**TASK ITEM:** When you repeat the entries, reproduce each line exactly and omit every picture.
TASK MATERIAL START
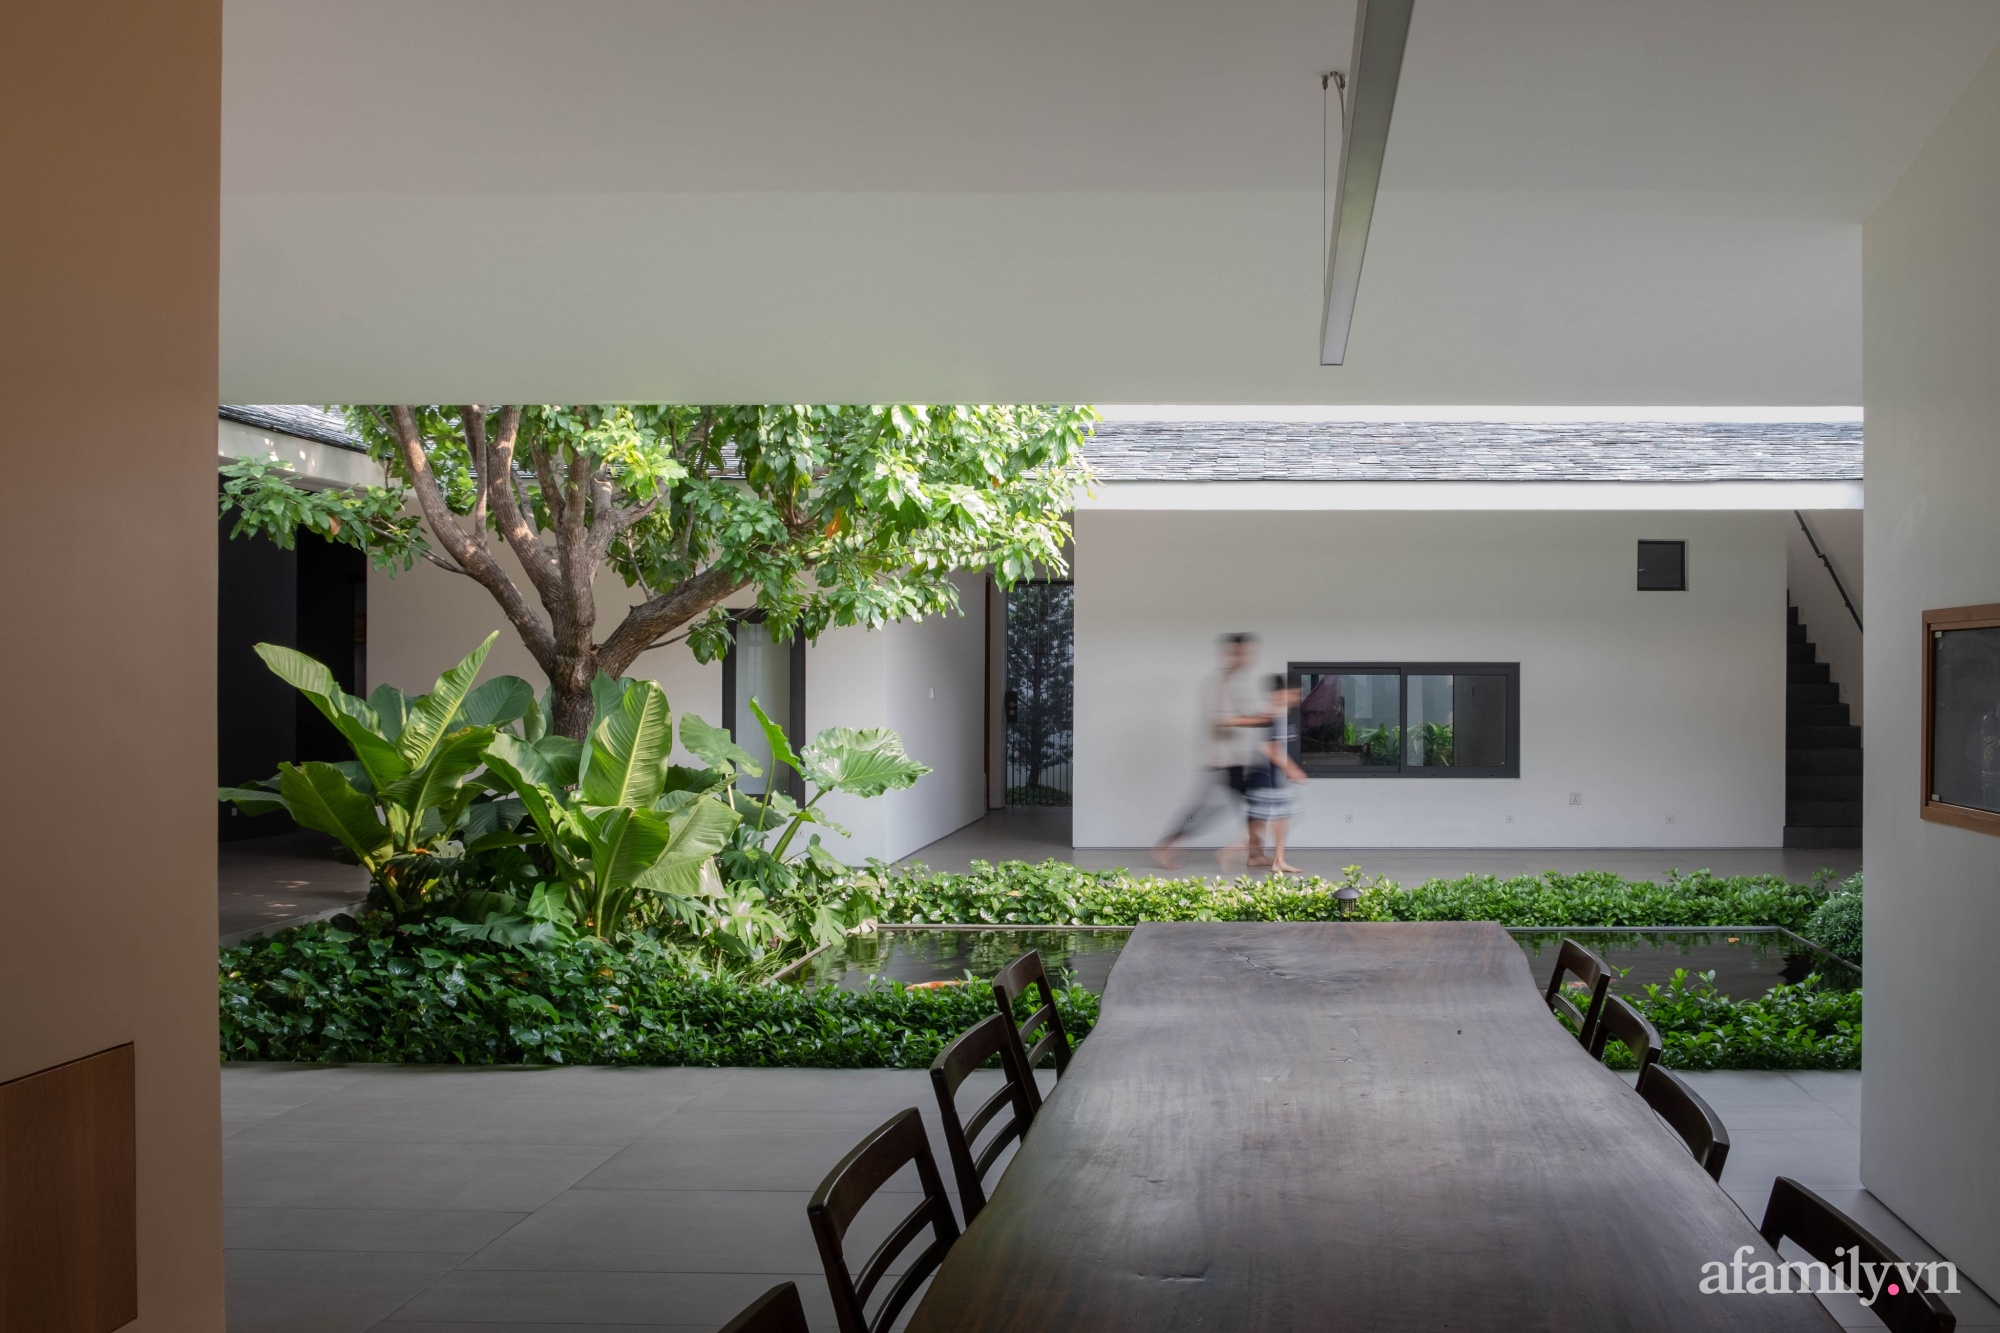 Ngôi nhà rợp mát bóng cây ở ngoại ô Sài Gòn tạo sự gắn kết cho gia đình 3 thế hệ - Ảnh 10.
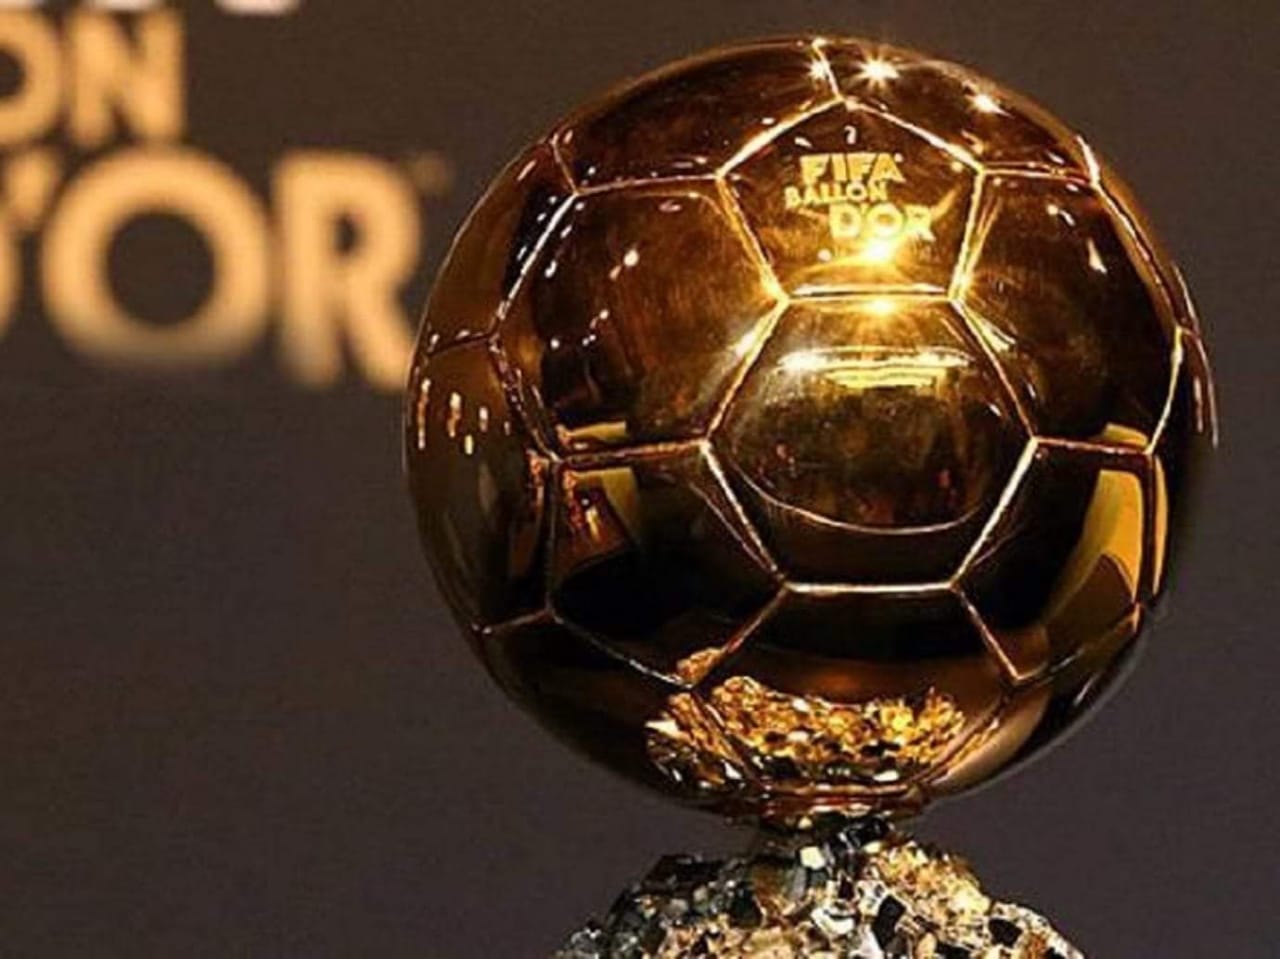   رسمياً: قائمة المرشحين لجائزة الكرة الذهبية 2018
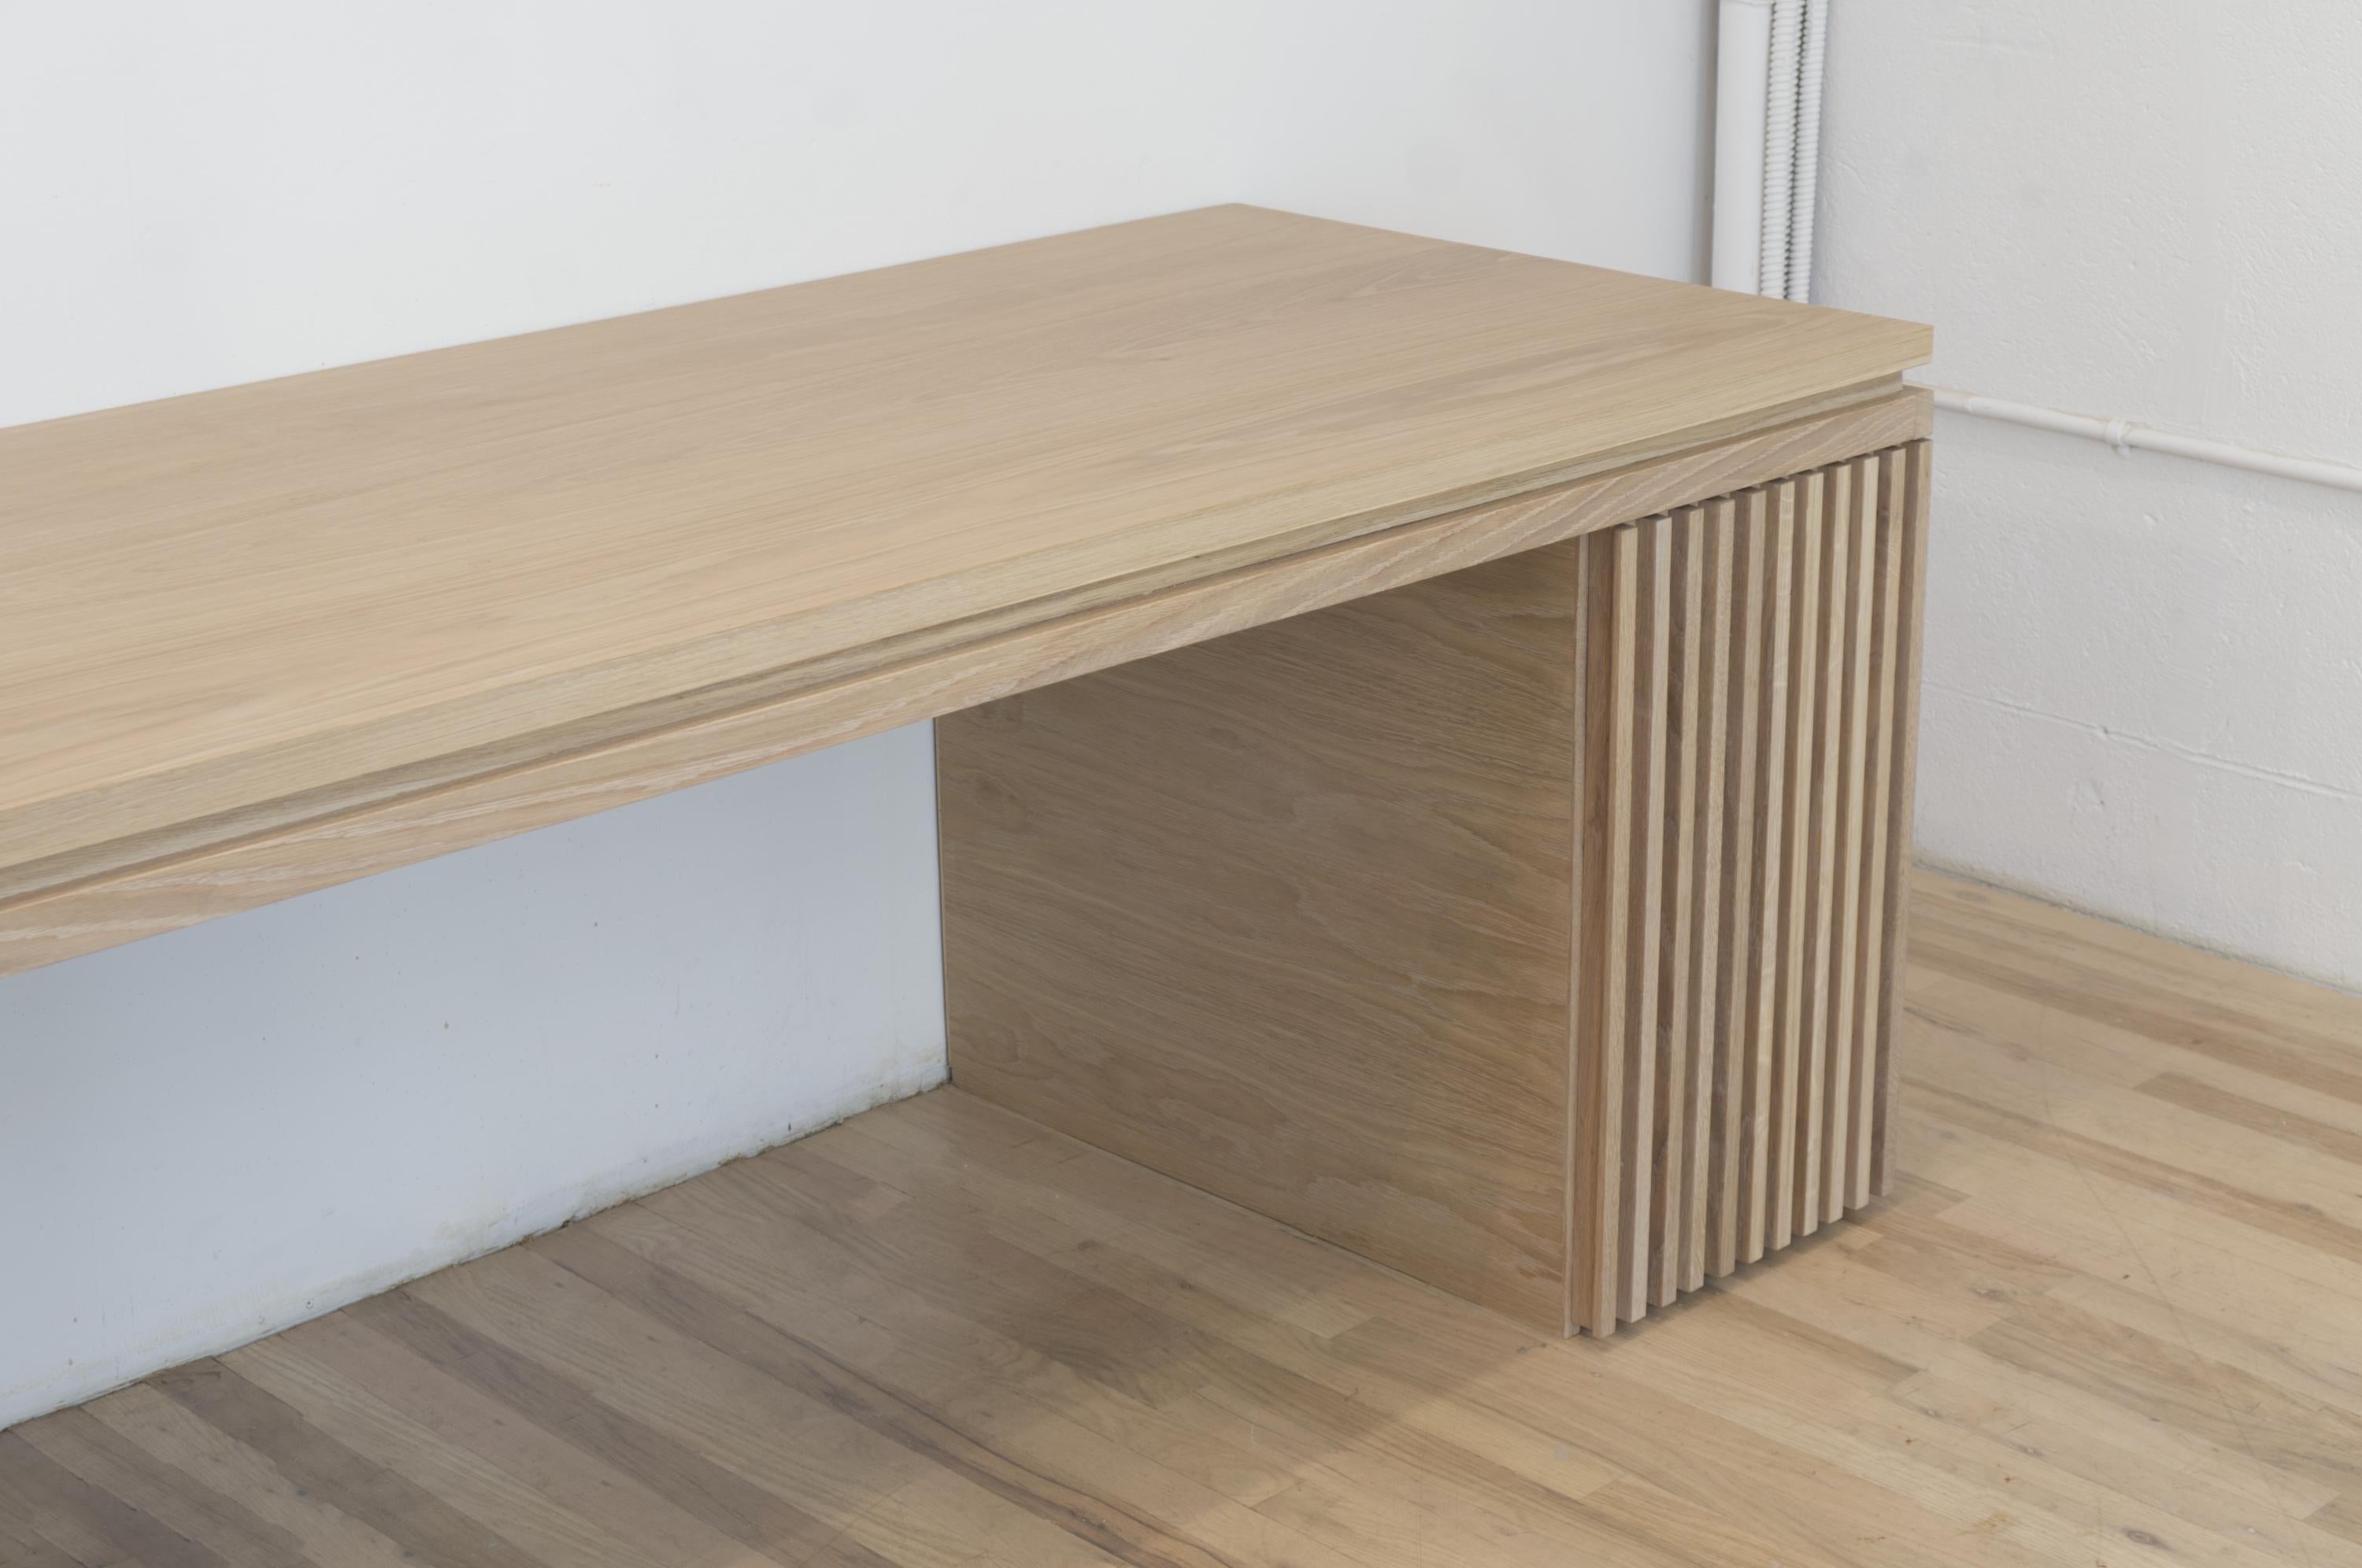 Dieser Tisch aus geschmolzenem Nussbaumholz besticht durch seine zauberhaften, abgeschrägten Kanten.
Handgefertigt aus massiver Eiche, eine perfekte Einrichtung für einen Schreibtisch.
Es wurde für den Innenraum einer Schaufenstergalerie entworfen
TASK MATERIAL END
**THE ANSWER:**
 Ngôi nhà rợp mát bóng cây ở ngoại ô Sài Gòn tạo sự gắn kết cho gia đình 3 thế hệ - Ảnh 10.
   رسمياً: قائمة المرشحين لجائزة الكرة الذهبية 2018
 Dieser Tisch aus geschmolzenem Nussbaumholz besticht durch seine zauberhaften, abgeschrägten Kanten.
Handgefertigt aus massiver Eiche, eine perfekte Einrichtung für einen Schreibtisch.
Es wurde für den Innenraum einer Schaufenstergalerie entworfen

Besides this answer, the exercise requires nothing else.